* [Data provided]
Segment Open

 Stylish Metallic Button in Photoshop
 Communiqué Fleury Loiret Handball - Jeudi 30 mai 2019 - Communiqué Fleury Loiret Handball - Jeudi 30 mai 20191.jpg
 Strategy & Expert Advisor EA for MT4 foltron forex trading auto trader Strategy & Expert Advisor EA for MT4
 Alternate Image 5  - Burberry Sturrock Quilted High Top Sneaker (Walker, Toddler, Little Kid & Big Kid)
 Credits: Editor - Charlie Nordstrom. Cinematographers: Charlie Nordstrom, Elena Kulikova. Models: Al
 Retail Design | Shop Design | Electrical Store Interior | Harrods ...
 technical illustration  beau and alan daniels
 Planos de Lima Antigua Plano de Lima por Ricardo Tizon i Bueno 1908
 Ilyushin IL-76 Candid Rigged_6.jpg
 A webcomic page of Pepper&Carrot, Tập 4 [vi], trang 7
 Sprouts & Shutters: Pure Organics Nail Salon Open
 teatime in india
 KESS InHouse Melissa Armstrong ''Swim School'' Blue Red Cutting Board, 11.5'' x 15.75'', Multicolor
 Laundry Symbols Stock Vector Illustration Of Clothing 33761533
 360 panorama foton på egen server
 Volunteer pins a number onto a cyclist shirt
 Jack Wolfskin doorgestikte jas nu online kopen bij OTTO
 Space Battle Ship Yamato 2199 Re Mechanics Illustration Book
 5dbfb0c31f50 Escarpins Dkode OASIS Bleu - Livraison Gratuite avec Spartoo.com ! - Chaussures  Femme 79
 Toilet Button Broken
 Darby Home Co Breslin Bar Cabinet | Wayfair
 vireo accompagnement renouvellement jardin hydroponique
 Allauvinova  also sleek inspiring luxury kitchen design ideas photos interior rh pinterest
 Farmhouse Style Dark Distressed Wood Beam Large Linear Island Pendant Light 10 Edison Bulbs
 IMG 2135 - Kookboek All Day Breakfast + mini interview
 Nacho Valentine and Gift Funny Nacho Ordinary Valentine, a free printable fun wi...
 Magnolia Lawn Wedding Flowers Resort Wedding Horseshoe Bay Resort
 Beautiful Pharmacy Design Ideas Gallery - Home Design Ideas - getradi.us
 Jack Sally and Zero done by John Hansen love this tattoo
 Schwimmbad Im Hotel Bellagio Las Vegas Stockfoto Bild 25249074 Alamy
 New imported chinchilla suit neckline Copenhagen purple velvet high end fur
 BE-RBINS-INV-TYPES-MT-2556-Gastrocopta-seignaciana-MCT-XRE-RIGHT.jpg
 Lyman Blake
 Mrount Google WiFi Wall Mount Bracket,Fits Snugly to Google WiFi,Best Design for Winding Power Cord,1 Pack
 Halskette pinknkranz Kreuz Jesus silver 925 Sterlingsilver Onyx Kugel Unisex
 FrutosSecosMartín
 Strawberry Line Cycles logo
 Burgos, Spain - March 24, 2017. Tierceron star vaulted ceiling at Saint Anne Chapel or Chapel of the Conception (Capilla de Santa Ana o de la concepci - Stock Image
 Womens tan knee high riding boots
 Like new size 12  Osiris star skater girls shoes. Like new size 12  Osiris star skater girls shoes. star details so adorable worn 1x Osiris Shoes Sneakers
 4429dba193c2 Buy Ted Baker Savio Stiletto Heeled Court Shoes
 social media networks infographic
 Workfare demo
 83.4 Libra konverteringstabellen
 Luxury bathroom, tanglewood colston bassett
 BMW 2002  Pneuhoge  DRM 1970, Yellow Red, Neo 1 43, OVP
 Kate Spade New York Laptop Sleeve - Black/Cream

Segment Closed

* [Requirement] Your answer should be the lines above from the one containing "Nacho Valentine and" through the one containing "Strawberry Line Cycles logo", copied exactly and with both ends kept.

* [Answer for the task]
 Nacho Valentine and Gift Funny Nacho Ordinary Valentine, a free printable fun wi...
 Magnolia Lawn Wedding Flowers Resort Wedding Horseshoe Bay Resort
 Beautiful Pharmacy Design Ideas Gallery - Home Design Ideas - getradi.us
 Jack Sally and Zero done by John Hansen love this tattoo
 Schwimmbad Im Hotel Bellagio Las Vegas Stockfoto Bild 25249074 Alamy
 New imported chinchilla suit neckline Copenhagen purple velvet high end fur
 BE-RBINS-INV-TYPES-MT-2556-Gastrocopta-seignaciana-MCT-XRE-RIGHT.jpg
 Lyman Blake
 Mrount Google WiFi Wall Mount Bracket,Fits Snugly to Google WiFi,Best Design for Winding Power Cord,1 Pack
 Halskette pinknkranz Kreuz Jesus silver 925 Sterlingsilver Onyx Kugel Unisex
 FrutosSecosMartín
 Strawberry Line Cycles logo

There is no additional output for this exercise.